[Opening Dataset records section]

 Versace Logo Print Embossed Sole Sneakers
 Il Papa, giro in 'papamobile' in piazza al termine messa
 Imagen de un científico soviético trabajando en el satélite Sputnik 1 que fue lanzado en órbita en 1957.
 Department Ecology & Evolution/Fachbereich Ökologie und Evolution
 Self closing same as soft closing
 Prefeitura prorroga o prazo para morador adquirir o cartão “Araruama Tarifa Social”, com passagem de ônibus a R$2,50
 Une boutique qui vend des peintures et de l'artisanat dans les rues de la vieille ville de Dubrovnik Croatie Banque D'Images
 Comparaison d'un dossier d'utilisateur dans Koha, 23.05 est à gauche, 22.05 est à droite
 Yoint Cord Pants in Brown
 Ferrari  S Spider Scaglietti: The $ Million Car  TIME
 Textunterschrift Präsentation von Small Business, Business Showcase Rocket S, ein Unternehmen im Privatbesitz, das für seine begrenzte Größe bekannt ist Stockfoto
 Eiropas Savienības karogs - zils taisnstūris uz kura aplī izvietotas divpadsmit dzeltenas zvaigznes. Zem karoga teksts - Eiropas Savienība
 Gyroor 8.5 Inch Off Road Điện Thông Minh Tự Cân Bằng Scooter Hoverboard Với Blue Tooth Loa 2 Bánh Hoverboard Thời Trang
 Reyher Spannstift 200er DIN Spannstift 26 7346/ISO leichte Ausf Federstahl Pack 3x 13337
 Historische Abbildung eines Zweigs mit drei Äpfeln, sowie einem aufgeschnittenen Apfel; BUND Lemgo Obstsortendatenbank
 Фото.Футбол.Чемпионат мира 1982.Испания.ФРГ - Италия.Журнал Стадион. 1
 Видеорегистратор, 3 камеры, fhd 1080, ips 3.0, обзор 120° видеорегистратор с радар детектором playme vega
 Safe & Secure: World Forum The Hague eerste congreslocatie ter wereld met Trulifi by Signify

[Closing Dataset records section]

### Task item
Faithfully reproduce all of the records, character for character.

### Solution for this exercise
 Versace Logo Print Embossed Sole Sneakers
 Il Papa, giro in 'papamobile' in piazza al termine messa
 Imagen de un científico soviético trabajando en el satélite Sputnik 1 que fue lanzado en órbita en 1957.
 Department Ecology & Evolution/Fachbereich Ökologie und Evolution
 Self closing same as soft closing
 Prefeitura prorroga o prazo para morador adquirir o cartão “Araruama Tarifa Social”, com passagem de ônibus a R$2,50
 Une boutique qui vend des peintures et de l'artisanat dans les rues de la vieille ville de Dubrovnik Croatie Banque D'Images
 Comparaison d'un dossier d'utilisateur dans Koha, 23.05 est à gauche, 22.05 est à droite
 Yoint Cord Pants in Brown
 Ferrari  S Spider Scaglietti: The $ Million Car  TIME
 Textunterschrift Präsentation von Small Business, Business Showcase Rocket S, ein Unternehmen im Privatbesitz, das für seine begrenzte Größe bekannt ist Stockfoto
 Eiropas Savienības karogs - zils taisnstūris uz kura aplī izvietotas divpadsmit dzeltenas zvaigznes. Zem karoga teksts - Eiropas Savienība
 Gyroor 8.5 Inch Off Road Điện Thông Minh Tự Cân Bằng Scooter Hoverboard Với Blue Tooth Loa 2 Bánh Hoverboard Thời Trang
 Reyher Spannstift 200er DIN Spannstift 26 7346/ISO leichte Ausf Federstahl Pack 3x 13337
 Historische Abbildung eines Zweigs mit drei Äpfeln, sowie einem aufgeschnittenen Apfel; BUND Lemgo Obstsortendatenbank
 Фото.Футбол.Чемпионат мира 1982.Испания.ФРГ - Италия.Журнал Стадион. 1
 Видеорегистратор, 3 камеры, fhd 1080, ips 3.0, обзор 120° видеорегистратор с радар детектором playme vega
 Safe & Secure: World Forum The Hague eerste congreslocatie ter wereld met Trulifi by Signify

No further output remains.